Fireball is also one of those spells that gets put on a pedestal because of its iconic nature and long history of being something you talk your DM into making more powerful by way of your engineering degree or chemistry nerd cred. While I am all for making things more like 4E, it's also a special case in how extreme it is.


----------



## Lojaan (Oct 24, 2022)

bloodtide said:


> As an Old School Gamer, OSR Gamer and 5E gamer, I can say........this is a can of worms.
> 
> You can only really have a decent rules lite game with a strong DM.  If you have a young, inexperienced or otherwise weak DM, then a rule lite game will just be a ruin of a non game.
> 
> ...



This. 100% this. DnD is moving more towards "lawyer speak" for both spells, feats and abilities to combat the rise of the cheesemakers. 

You know the ones. The ones that say you can get the benefits of both dueling and 2WF at the same time by attacking with your offhand first, then sheathing that weapon and then attacking with your main hand.

Because it's technically allowed in the rules, this stuff really messes up organised play.

I dislike it a lot but I don't know what to do about it other than having two descriptions - one fun and flavoured, and one, preferably online so it doesn't affect word count, that is the full legal text with disclaimers.


----------



## Yaarel (Oct 25, 2022)

Lojaan said:


> two descriptions - one fun and flavoured, and one, preferably online so it doesn't affect word count, that is the full legal text with disclaimers.



Interesting idea. I reminds me of a condensed dictionary versus an unabridged dictionary.

The simple (DM-decides) core books are the printed version.

The unabridged technical detailing − updatable with official rulings − including corner cases − is online.

It would be like the Errata publishing now, but formatted as a complete core text.


----------



## Neonchameleon (Oct 25, 2022)

bloodtide said:


> As an Old School Gamer, OSR Gamer and 5E gamer, I can say........this is a can of worms.
> 
> You can only really have a decent rules lite game with a strong DM.  If you have a young, inexperienced or otherwise weak DM, then a rule lite game will just be a ruin of a non game.

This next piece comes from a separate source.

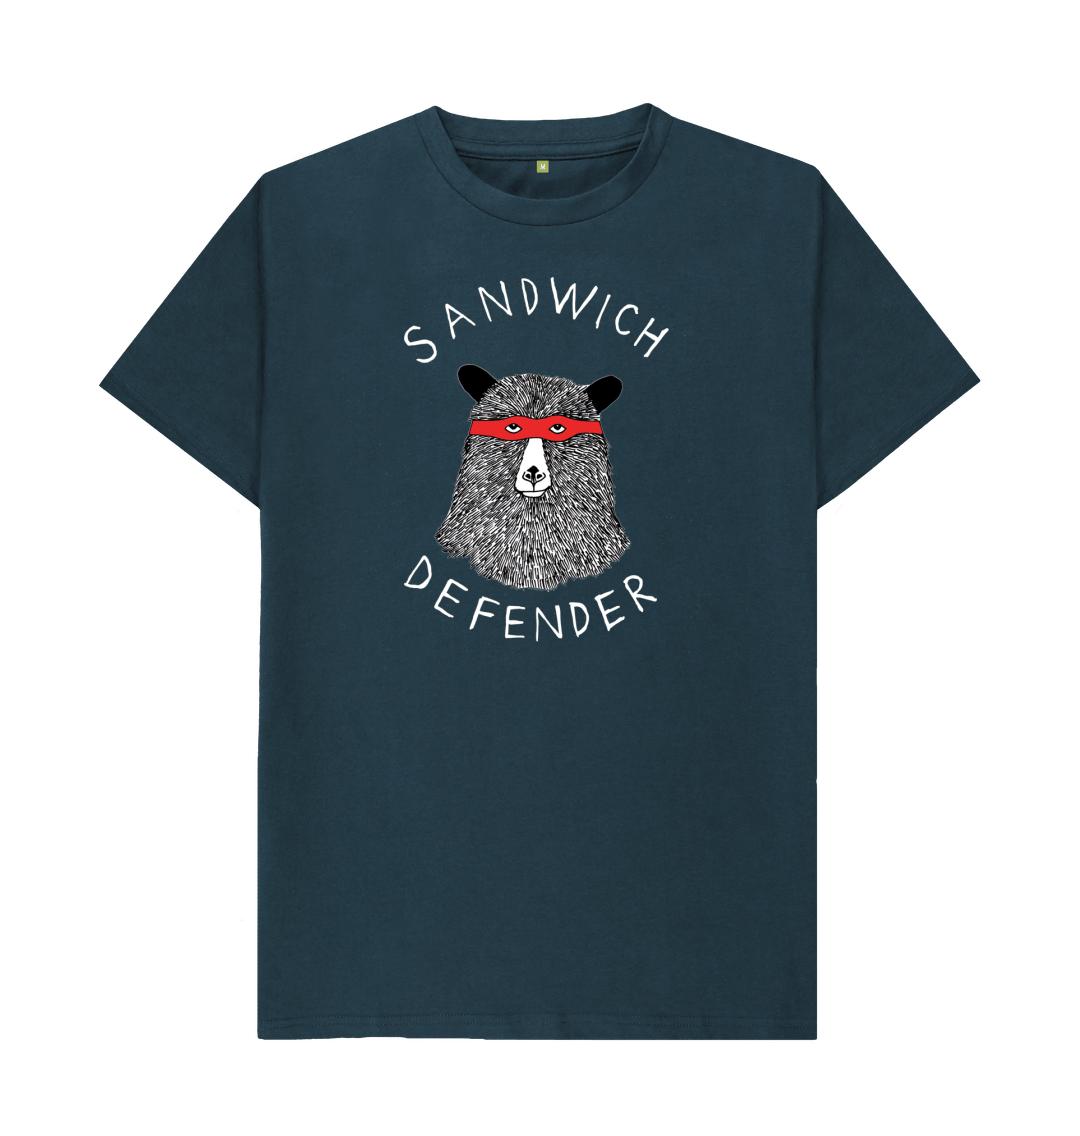 Denim Blue 'Sandwich Defender' Men's T-shirt

As an Indie gamer and D&D gamer, nonsense. You do not need that strong a GM to run Fate, Apocalypse World, or Blades in the Dark.  What you need is an empowered GM with strong guidance to fall back on. This is because modern Indie games don't just say "here are the stats and it's up to you" but provide actual useful guidance. For that matter so did actual oD&D with things like XP for GP and rules for designing random dungeons.


bloodtide said:


> And not every DM can, and not every DM is willing, to control a game with an Iron Fist.



It's a good thing that in good games they don't have to use an iron fist to make up for the game being not fit for purpose on its own. However that takes actual design and development (which, oddly enough, Gygax did) and leaning into thematics to make the game be about something. Rather than attempting to be a generic one-size-fits-all system.


----------



## bloodtide (Oct 26, 2022)

Neonchameleon said:


> As an Indie gamer and D&D gamer, nonsense. You do not need that strong a GM to run Fate, Apocalypse World, or Blades in the Dark.  What you need is an empowered GM with strong guidance to fall back on. This is because modern Indie games don't just say "here are the stats and it's up to you" but provide actual useful guidance. For that matter so did actual oD&D with things like XP for GP and rules for designing random dungeons.



Well, I'm not naming "games".  There really only two ways to control problem players: specific rules or a DMs iron fist.


----------



## Neonchameleon (Oct 26, 2022)

bloodtide said:


> Well, I'm not naming "games".  There really only two ways to control problem players: specific rules or a DMs iron fist.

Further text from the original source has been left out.